Data entries:
══════

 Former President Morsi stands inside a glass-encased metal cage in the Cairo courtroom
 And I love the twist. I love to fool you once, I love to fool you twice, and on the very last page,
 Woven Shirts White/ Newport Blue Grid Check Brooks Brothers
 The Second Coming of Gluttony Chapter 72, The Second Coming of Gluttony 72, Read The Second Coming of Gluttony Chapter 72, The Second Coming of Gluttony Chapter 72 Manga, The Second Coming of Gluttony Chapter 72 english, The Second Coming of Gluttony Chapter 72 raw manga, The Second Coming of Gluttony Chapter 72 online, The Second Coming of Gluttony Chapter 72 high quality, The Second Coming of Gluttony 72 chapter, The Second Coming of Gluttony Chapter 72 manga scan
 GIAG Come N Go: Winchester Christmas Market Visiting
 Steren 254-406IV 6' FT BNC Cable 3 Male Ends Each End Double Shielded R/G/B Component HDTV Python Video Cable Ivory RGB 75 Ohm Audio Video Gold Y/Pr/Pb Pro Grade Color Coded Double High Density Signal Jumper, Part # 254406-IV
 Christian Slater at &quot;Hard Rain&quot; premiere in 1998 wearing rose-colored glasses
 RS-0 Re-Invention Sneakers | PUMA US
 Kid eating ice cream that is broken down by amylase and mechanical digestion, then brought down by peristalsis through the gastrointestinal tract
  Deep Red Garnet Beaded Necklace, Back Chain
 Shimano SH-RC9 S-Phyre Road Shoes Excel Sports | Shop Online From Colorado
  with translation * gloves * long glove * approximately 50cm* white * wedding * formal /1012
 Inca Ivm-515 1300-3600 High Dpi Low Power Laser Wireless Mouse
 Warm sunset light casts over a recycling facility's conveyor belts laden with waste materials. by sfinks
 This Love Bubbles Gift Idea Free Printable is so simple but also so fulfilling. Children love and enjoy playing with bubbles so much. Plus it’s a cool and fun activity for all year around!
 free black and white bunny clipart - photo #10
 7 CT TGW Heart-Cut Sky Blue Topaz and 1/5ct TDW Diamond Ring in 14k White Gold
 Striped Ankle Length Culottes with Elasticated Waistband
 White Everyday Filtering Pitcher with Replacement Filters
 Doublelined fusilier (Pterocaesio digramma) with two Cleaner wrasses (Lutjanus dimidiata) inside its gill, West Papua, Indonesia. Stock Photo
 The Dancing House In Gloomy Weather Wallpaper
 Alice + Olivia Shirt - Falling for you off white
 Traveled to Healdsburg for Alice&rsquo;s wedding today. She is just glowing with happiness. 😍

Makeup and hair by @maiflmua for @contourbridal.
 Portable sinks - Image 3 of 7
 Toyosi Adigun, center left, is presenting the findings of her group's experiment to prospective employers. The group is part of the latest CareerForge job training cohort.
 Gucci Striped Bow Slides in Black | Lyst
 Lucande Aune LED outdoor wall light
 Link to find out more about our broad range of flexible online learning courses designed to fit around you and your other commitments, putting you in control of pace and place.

══════

→ **Work required**
Among the lines above, return each one holding the string "inside".

→ **Answer to this problem**
 Former President Morsi stands inside a glass-encased metal cage in the Cairo courtroom
 Doublelined fusilier (Pterocaesio digramma) with two Cleaner wrasses (Lutjanus dimidiata) inside its gill, West Papua, Indonesia. Stock Photo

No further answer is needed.